It is also well settled "`the nature of the duty imposed by a statute and the benefits resulting from its performance' usually determine what persons are entitled to invoke its protection". Brady v. Terminal R.R. Assn., supra, loc. cit. 14, 58 S.Ct. loc. cit. 429. The trial court ruled plaintiff was within the class of persons intended to be protected by the S.A.A. This holding is supported by the authorities and is not challenged here. Boyer v. Atchison, Topeka and Santa Fe Railway Co., 38 Ill. 2d 31, 230 N.E.2d 173; Jacobson v. New York, N. H. & H. R. Co., 1 Cir., 206 F.2d 153; Shields v. Atlantic Coast Line R. Co., 350 U.S. 318, 76 S. Ct. 386, 100 L. Ed. 364; Brady v. Terminal R.R. Assn., supra; Fairport R. Co. v. Meredith, 292 U.S. 589, 54 S. Ct. 826, 78 L. Ed. 1446.

Employees of carriers are given the further protection of the Federal Employers' Liability Act, (F.E.L.A.). 45 U.S. C.A. Chapter 2. Employees may bring action for personal injury in either the federal or state courts. 45 U.S.C.A. § 56. In actions under F.E.L.A. based on violation of S.A.A. the carrier may not invoke assumption of risk or contributory negligence as a defense. 45 U.S.C.A. §§ 53-54.

Crane as a nonemployee is not entitled to the benefits of the F.E.L.A. and, as the S.A.A. does not provide a remedy, he brought his action in the state court subject to state law.

An examination of the cases convinces us the Safety Appliance Acts impose an absolute duty on the railroad carrier to equip its cars as required by statute and failure of the safety appliance to so operate is negligence per se. In the absence of statutory state law to the contrary, the injured party is required to exercise due care for his own safety and under Iowa law his contributory negligence is a proper defense to be submitted to the jury.

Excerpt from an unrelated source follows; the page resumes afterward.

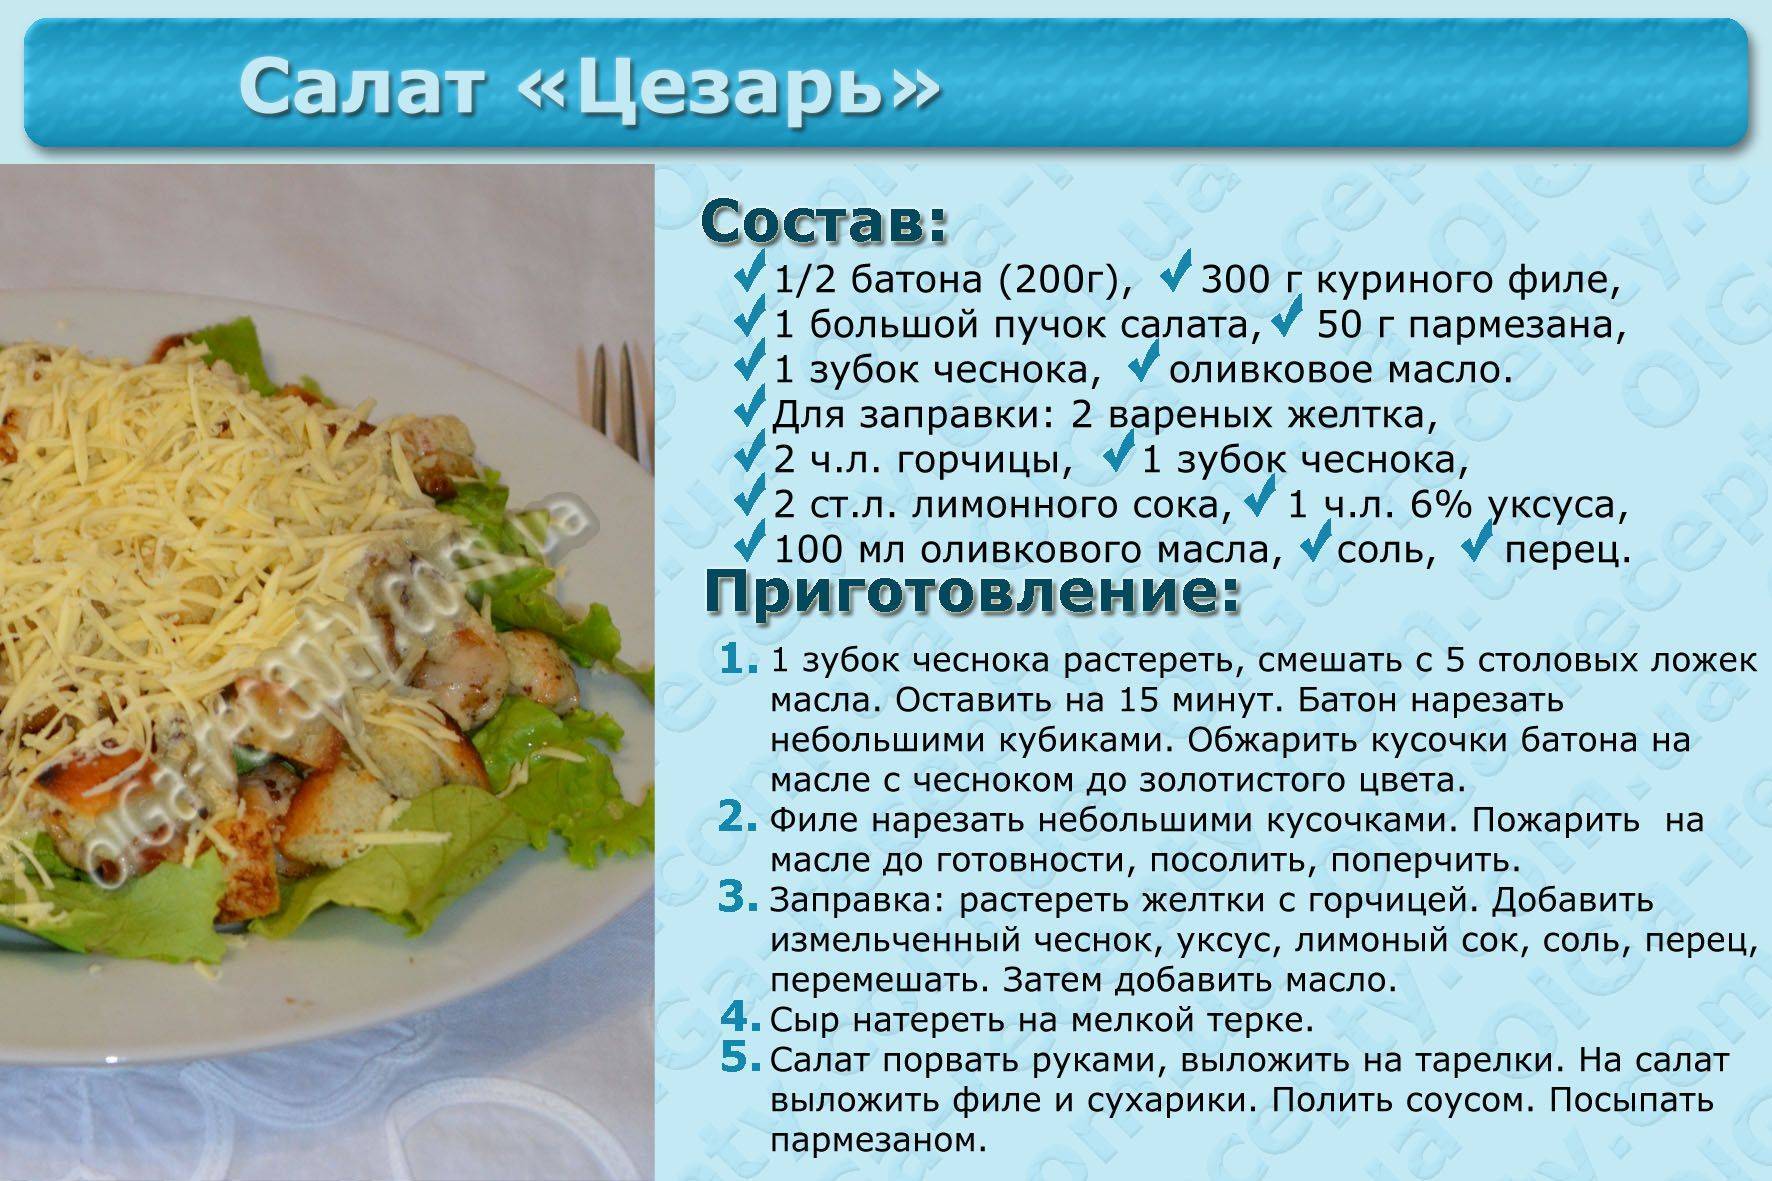 Салат цезарь с курицей - готовим салат цезарь по классическим рецептам в домашних условиях с фото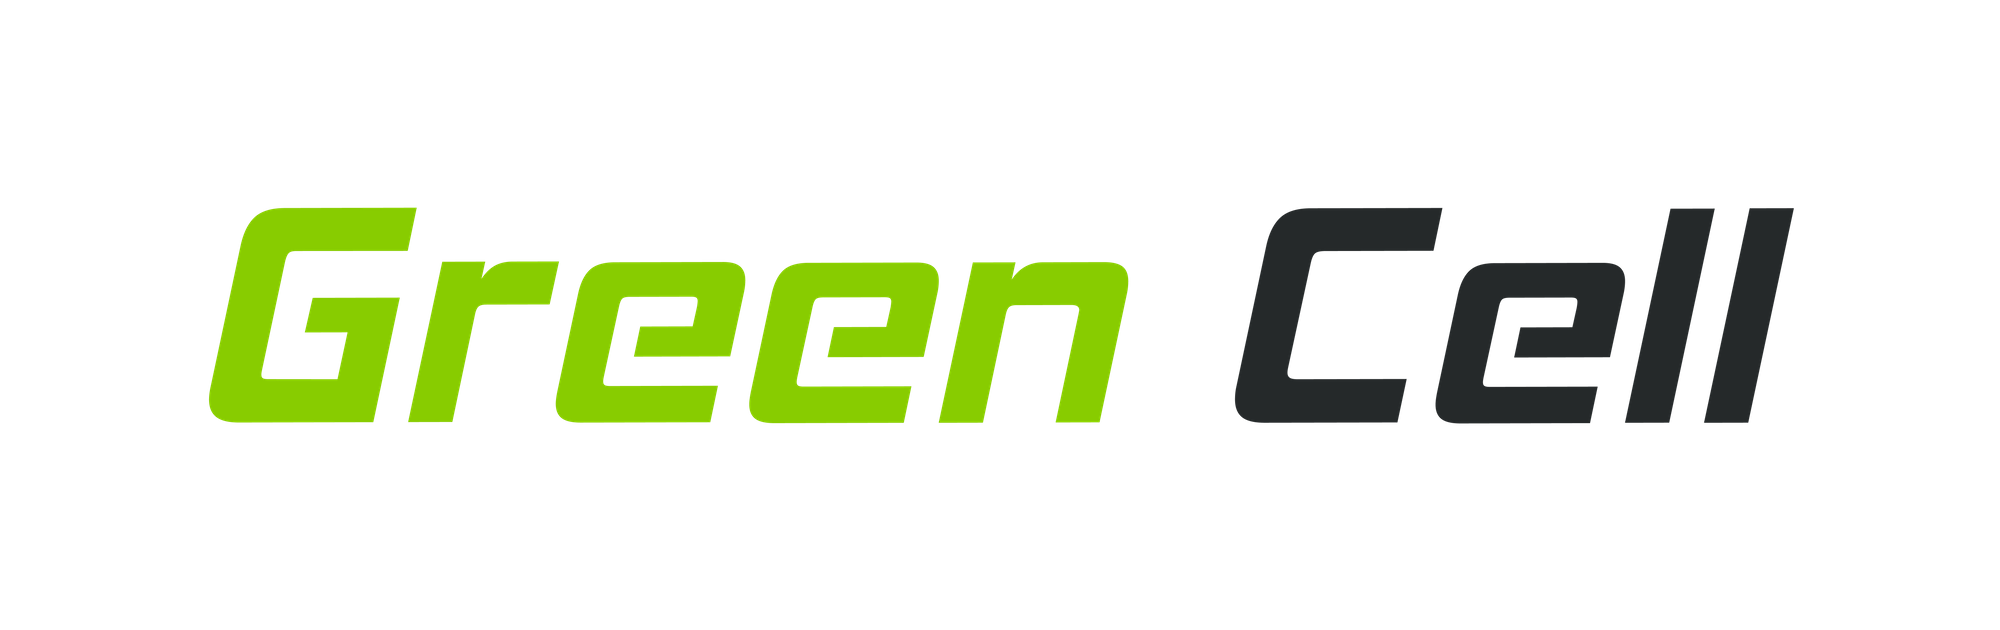 Green Cell Banner Logo

The U.S. Supreme Court first considered the question in Schlemmer v. Buffalo R. & P. Ry. Co., 220 U.S. 590, 31 S. Ct. 561, 55 L. Ed. 596 (1910). There the Pennsylvania trial court submitted the case to the jury under an allegation that defendant had violated 45 U.S.C.A. § 2 by failing to have automatic couplers. The question of contributory negligence was included. The court pointed out that Congress had expressly provided the employee should not be deemed to have assumed the risk "[b]ut there is nothing in the statute absolving the employee from the duty of using ordinary care to protect himself from injury in the use of the car with the appliances actually furnished". 220 U.S. at 596, 31 S. Ct. at 563.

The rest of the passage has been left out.